- **ABOUT THIS TASK**
From the data below, return only the lines from the one with "不同, 梦想, 异乎寻常, 植物群, 花卉, 花, 花圃, 框架, 家具, 庭院图片" through the one with "Rainbowpowersbanner", exact and inclusive, with pictures left out.

- **DATASET**
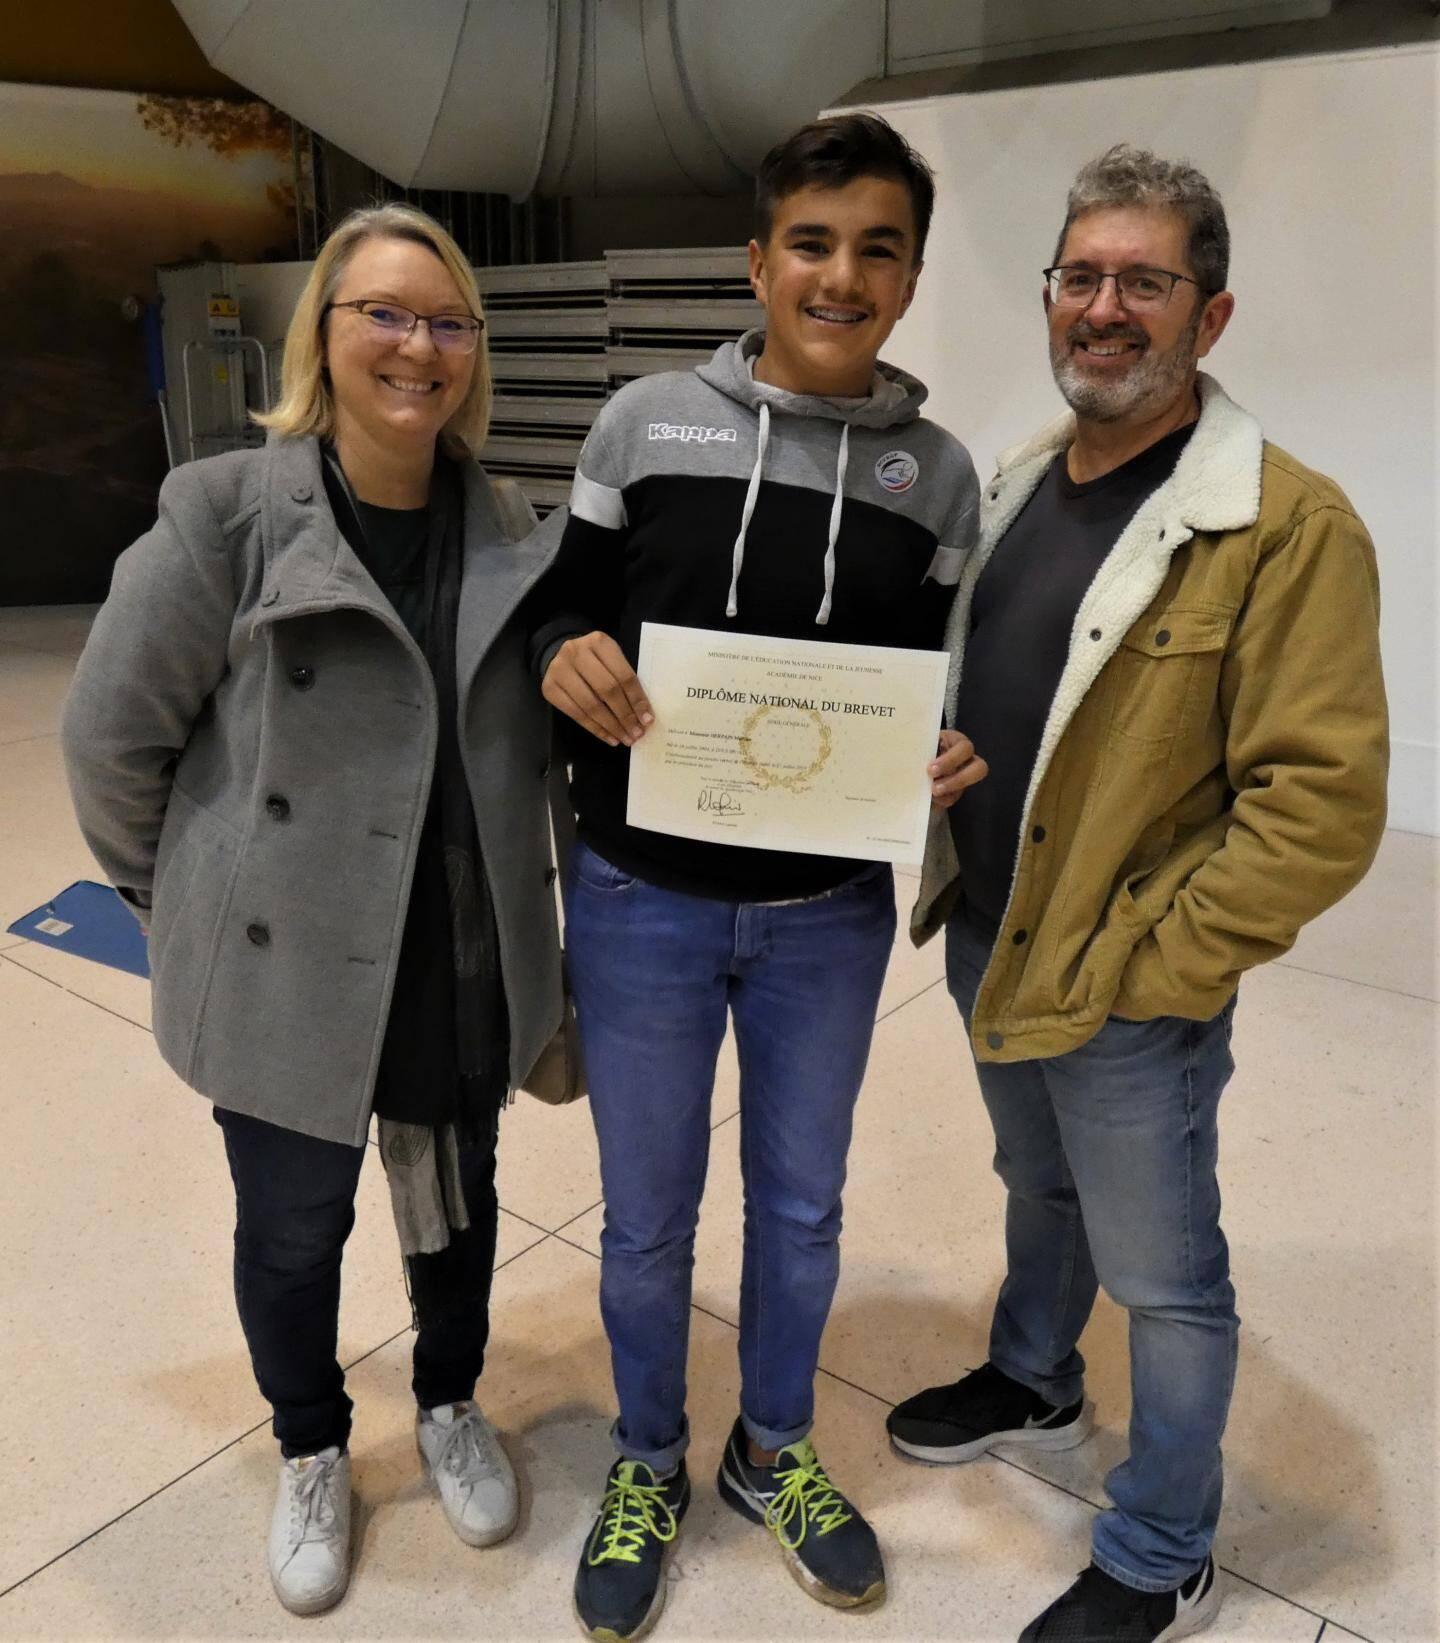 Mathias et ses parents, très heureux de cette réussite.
---
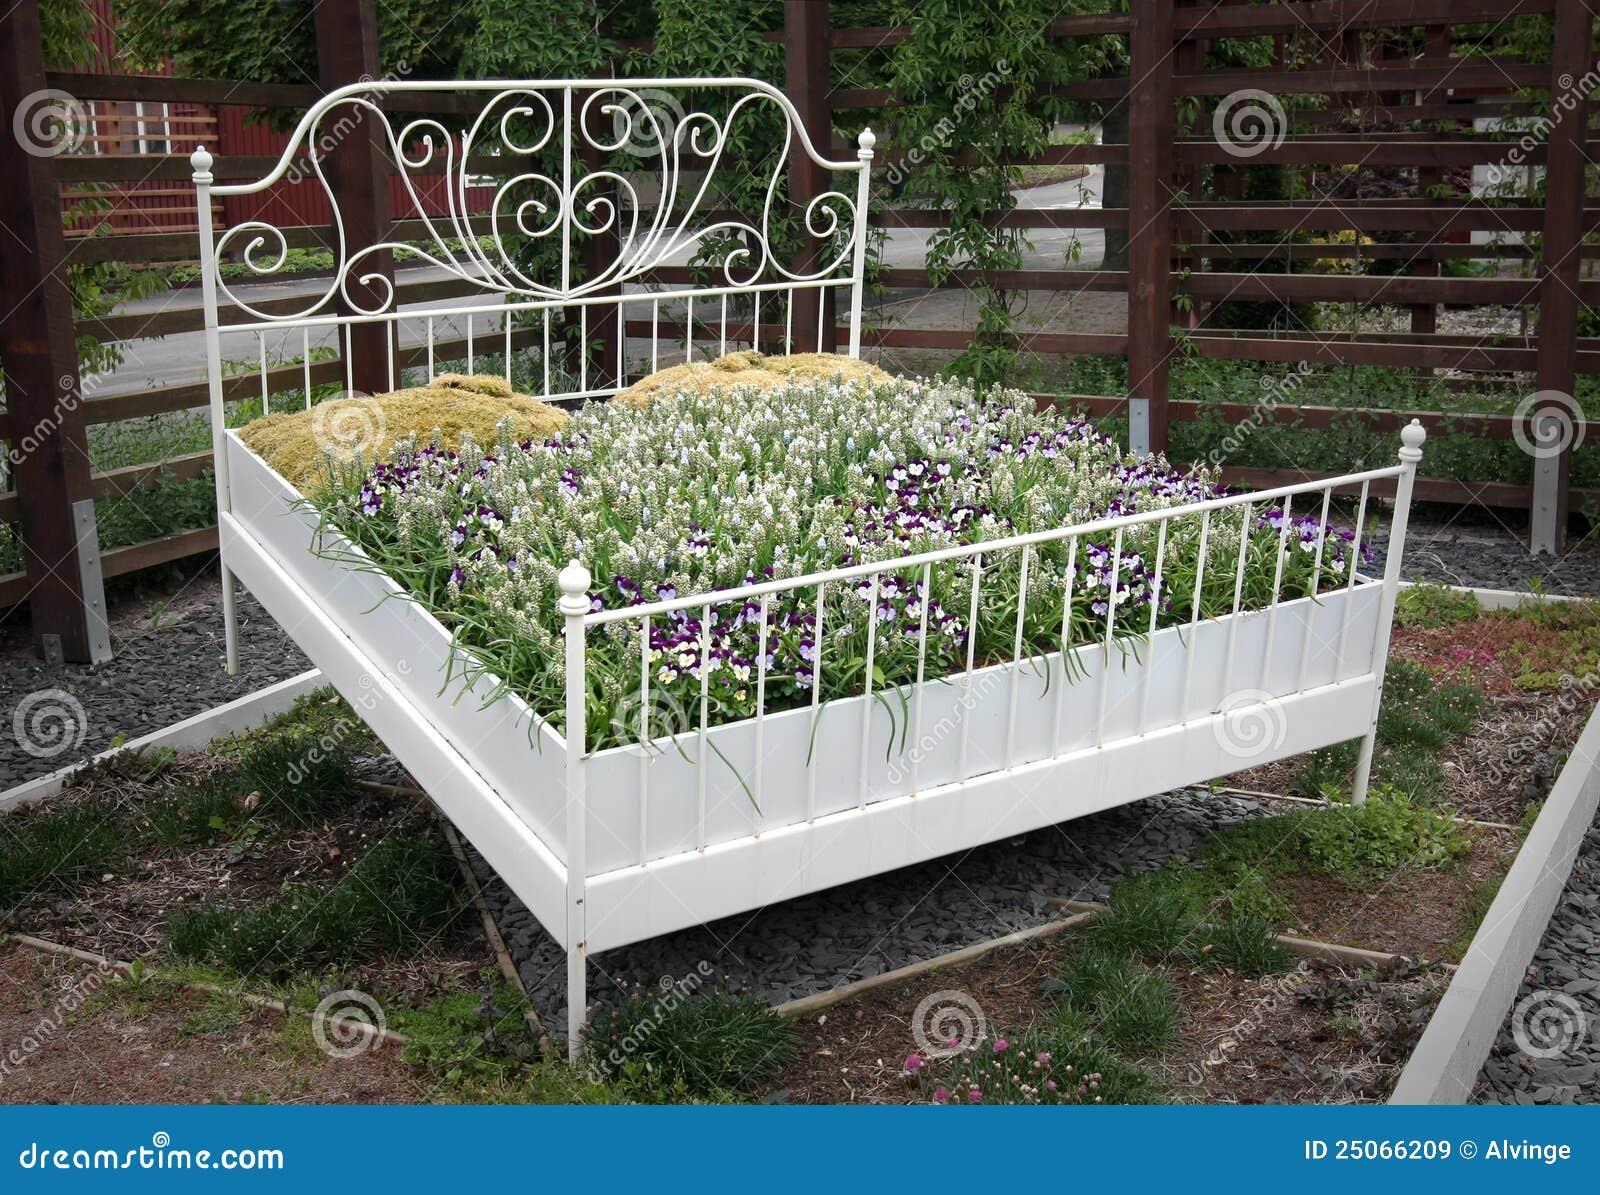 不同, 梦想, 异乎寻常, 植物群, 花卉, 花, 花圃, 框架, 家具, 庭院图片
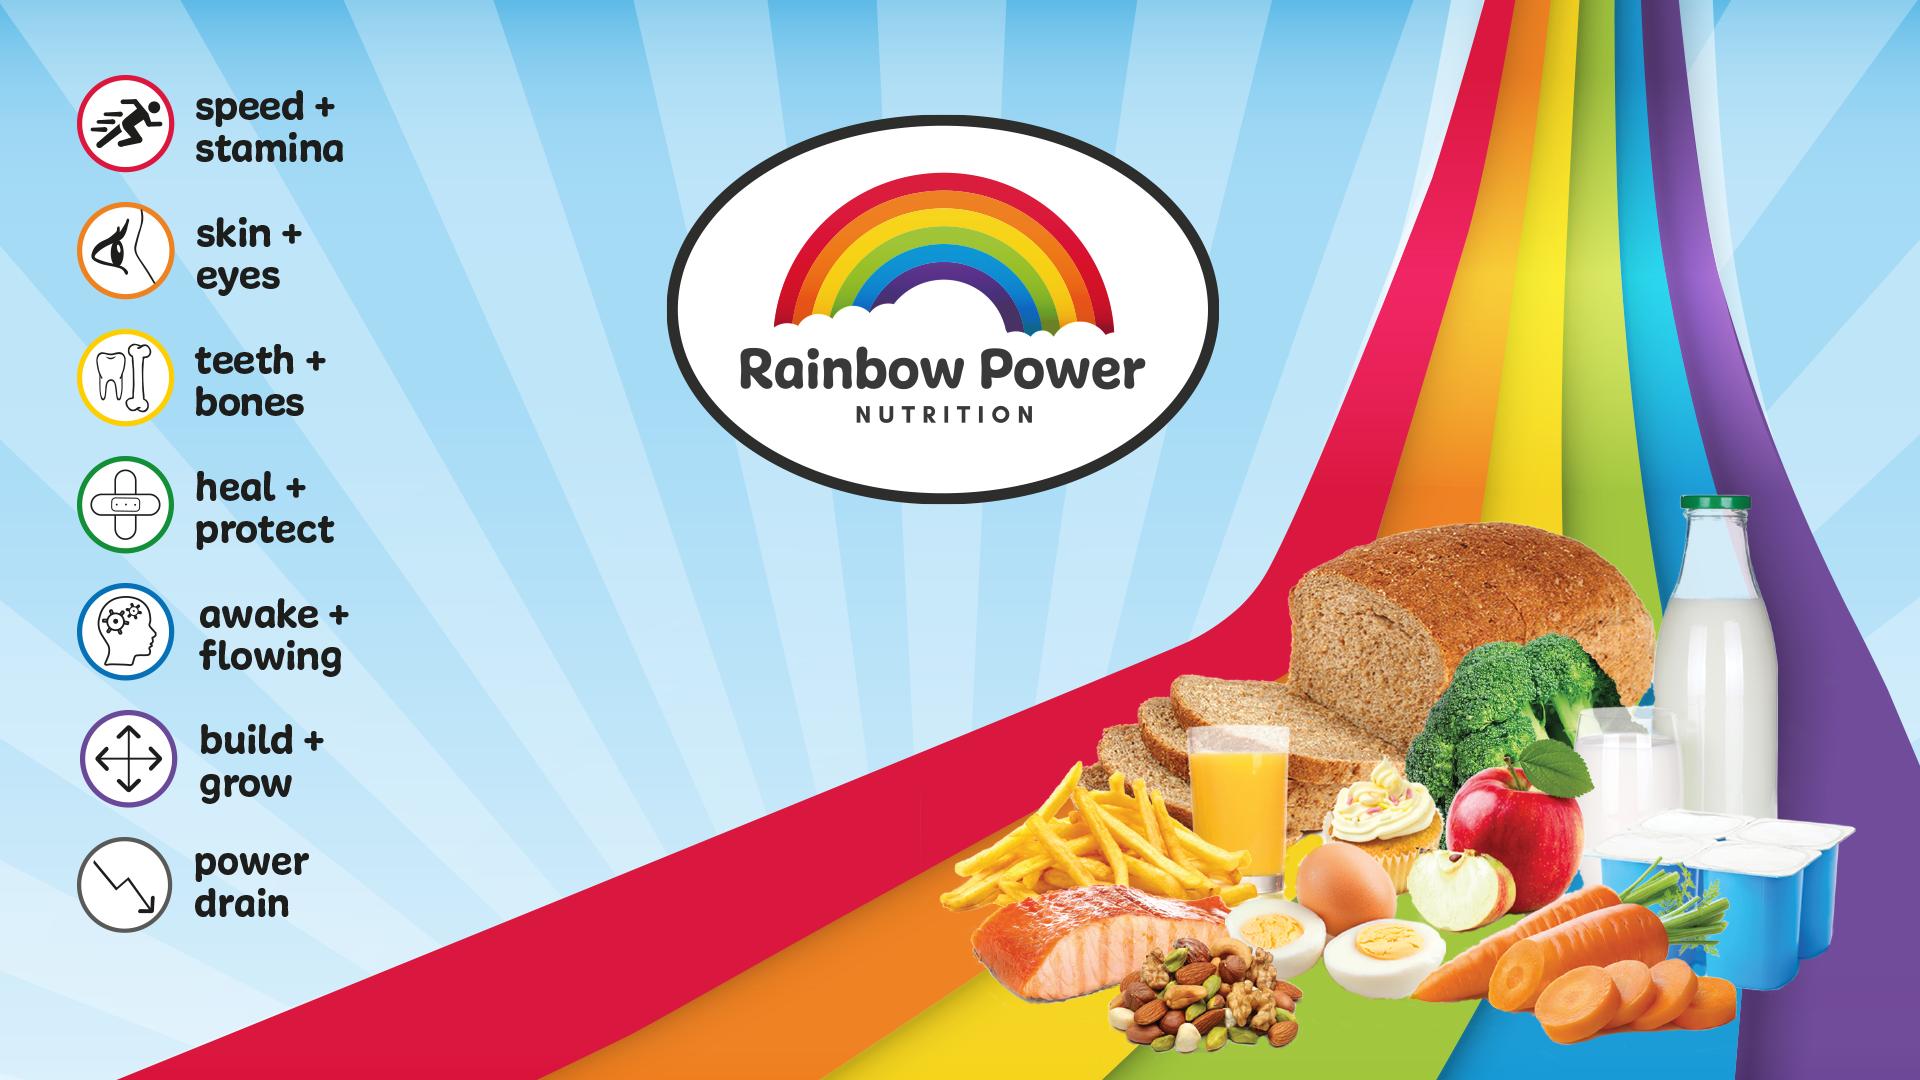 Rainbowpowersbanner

- **SOLUTION**
 不同, 梦想, 异乎寻常, 植物群, 花卉, 花, 花圃, 框架, 家具, 庭院图片
 Rainbowpowersbanner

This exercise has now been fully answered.